(What is being asked): In the listing below, locate the line with "Hyla School logo" and the line with "Approaching Hampton Court Palace", then output both and everything between them exactly, minus any pictures.

(Data shown):

________________________

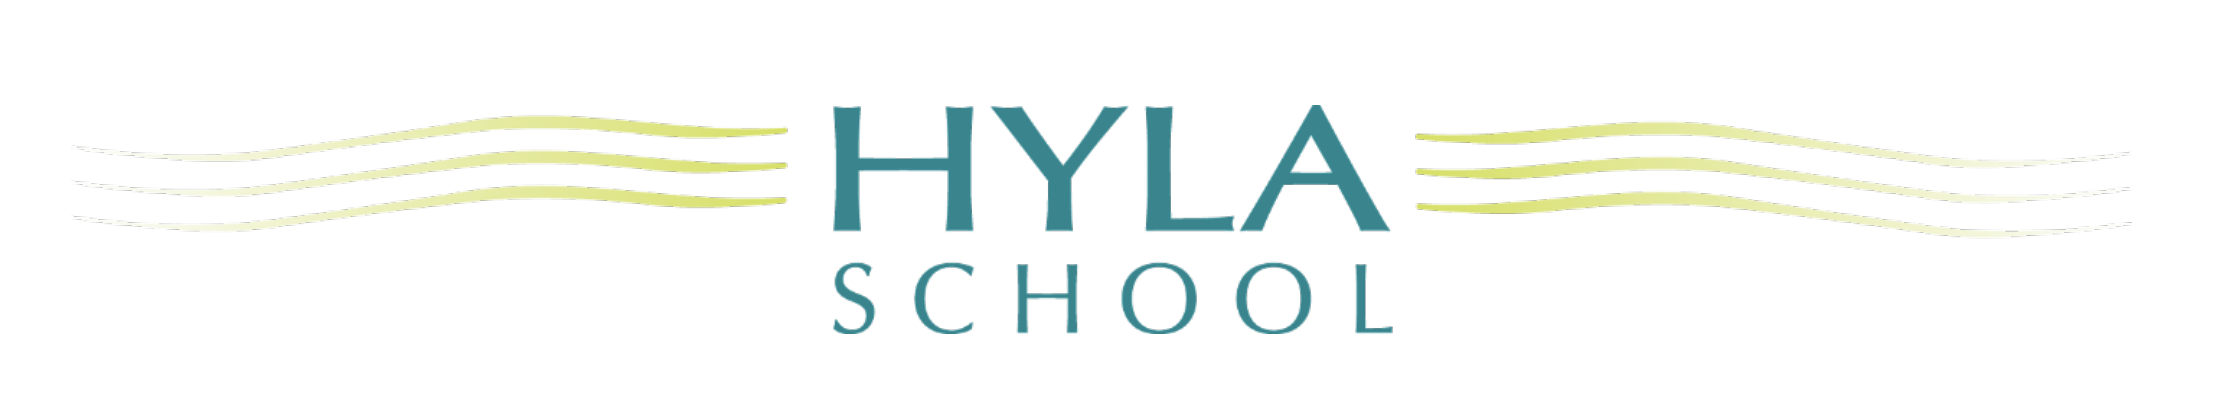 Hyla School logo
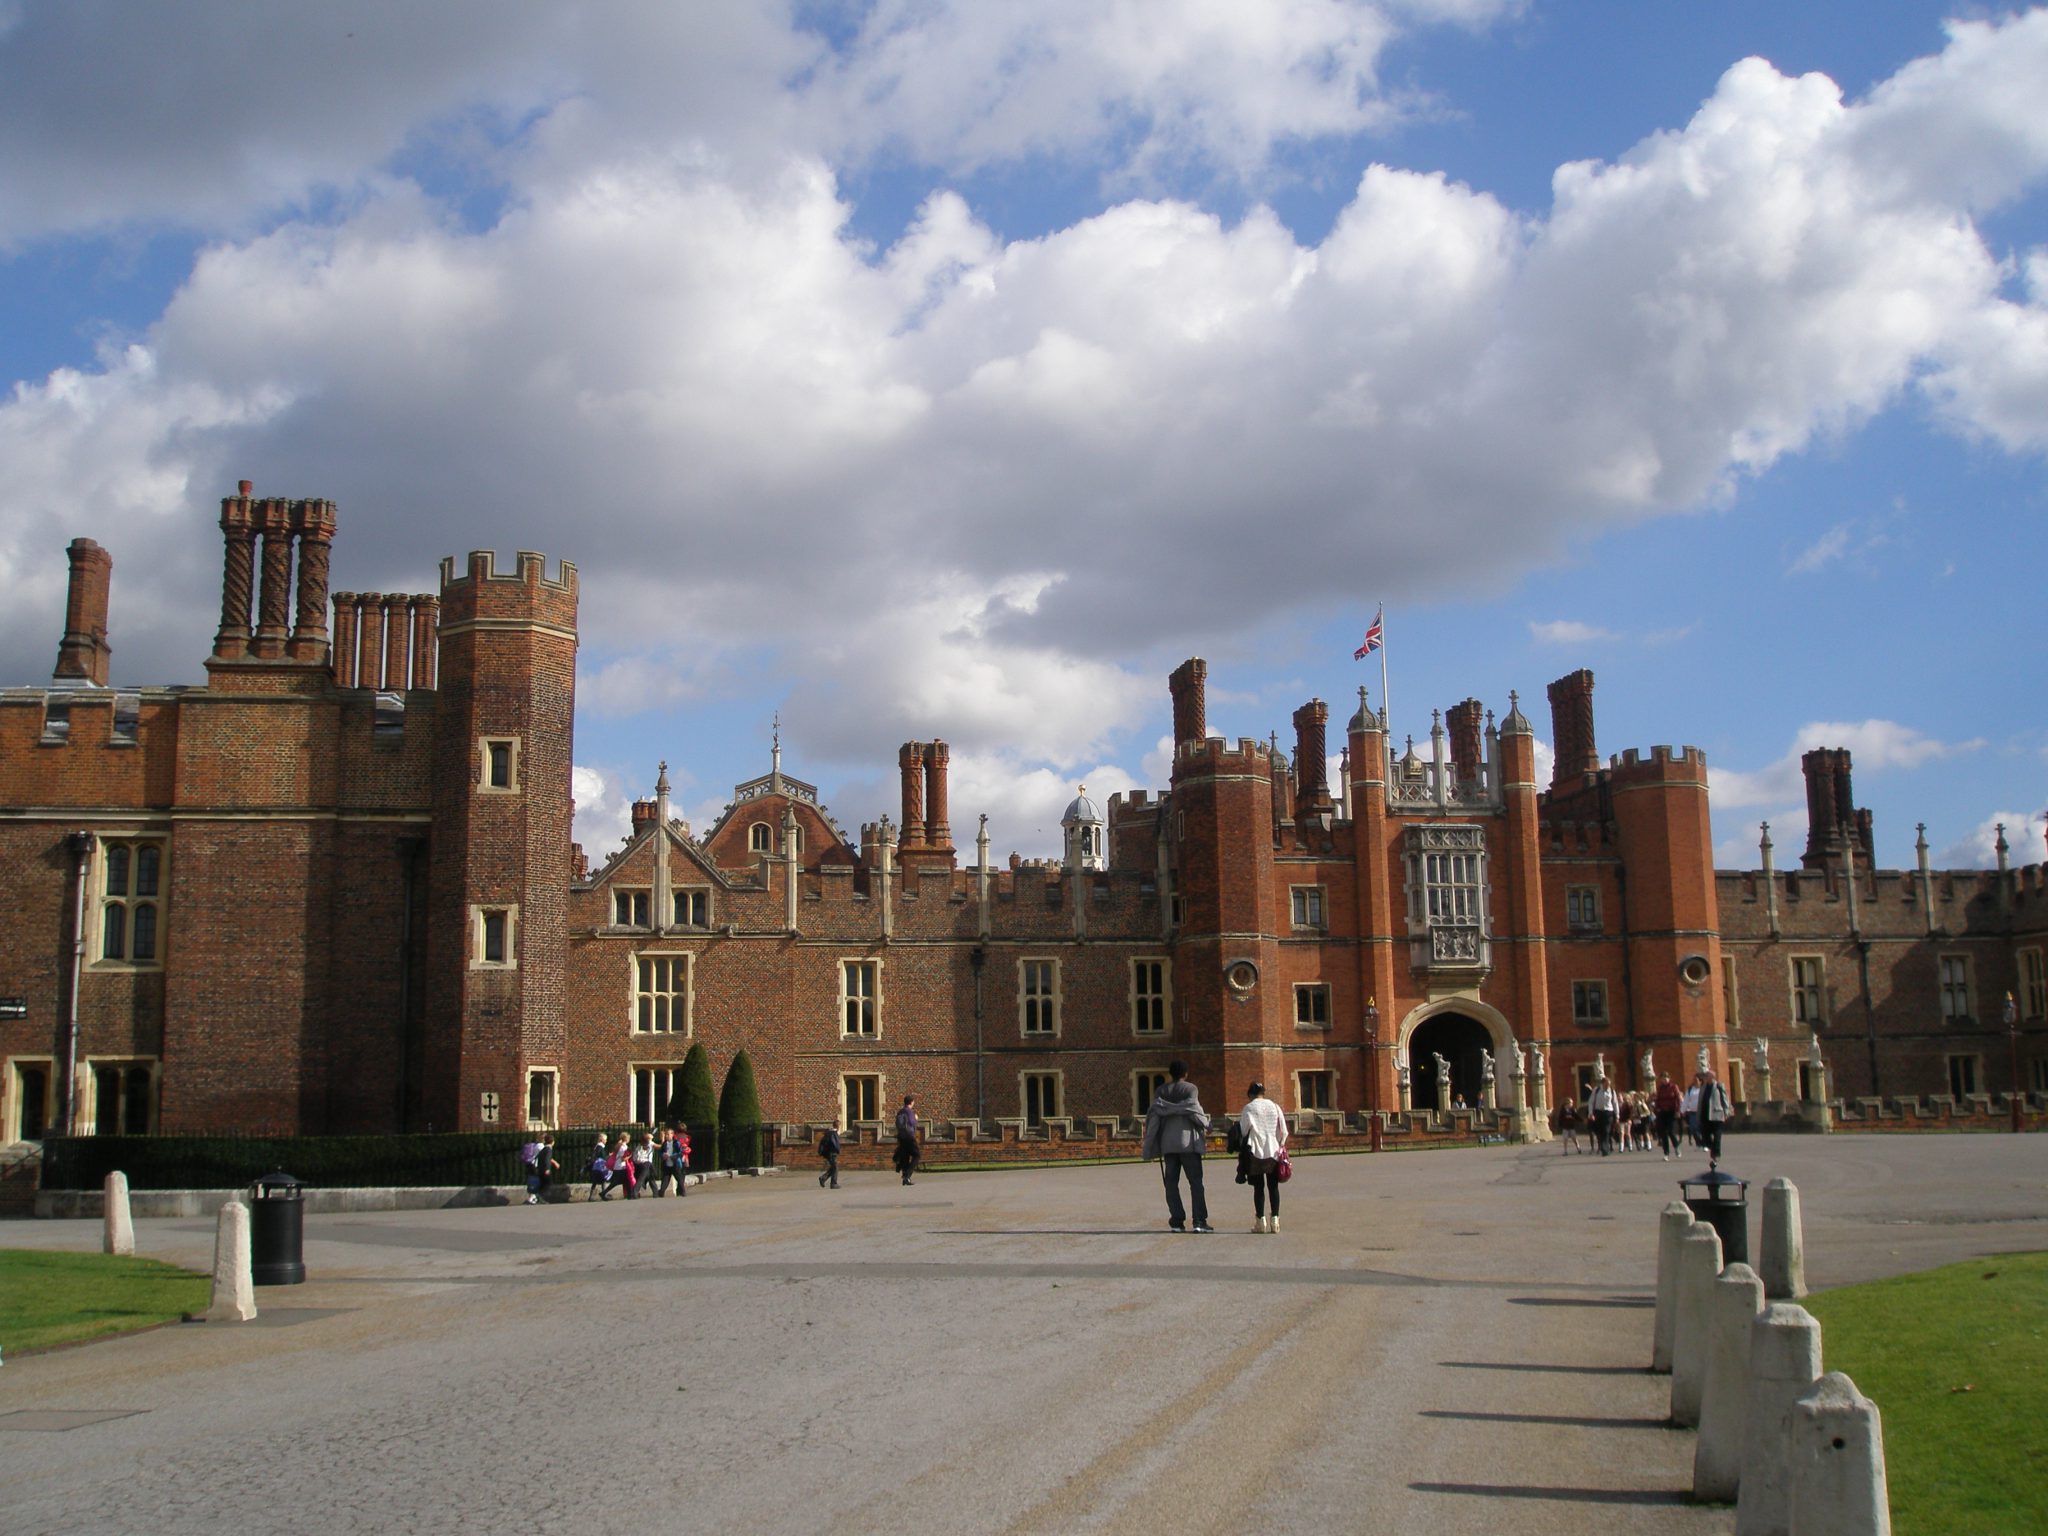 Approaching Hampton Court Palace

________________________

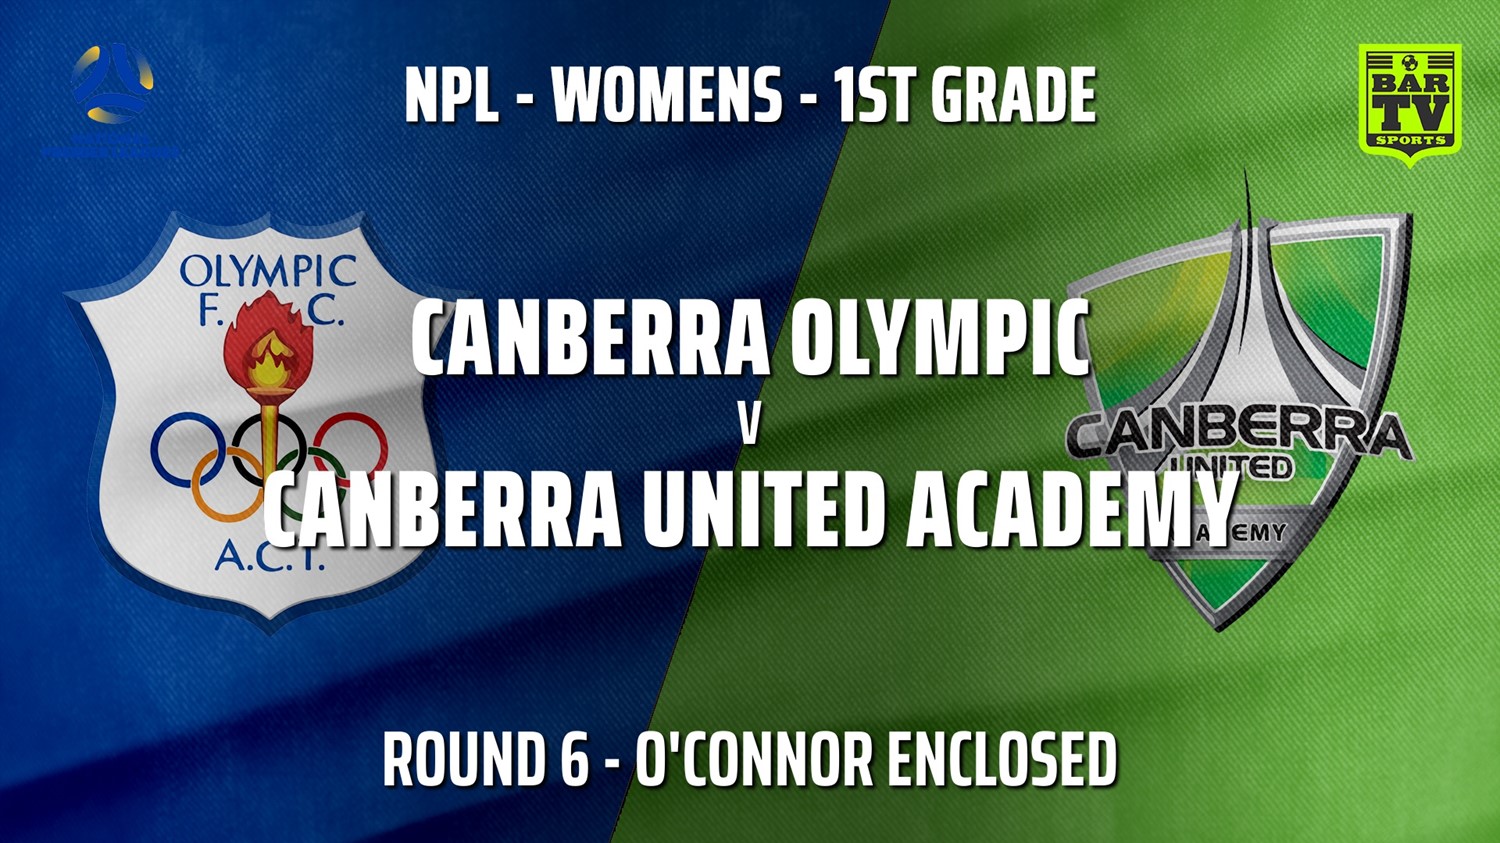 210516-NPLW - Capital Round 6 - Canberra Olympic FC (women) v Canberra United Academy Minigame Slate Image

________________________

(Task solution):
 Hyla School logo
 Approaching Hampton Court Palace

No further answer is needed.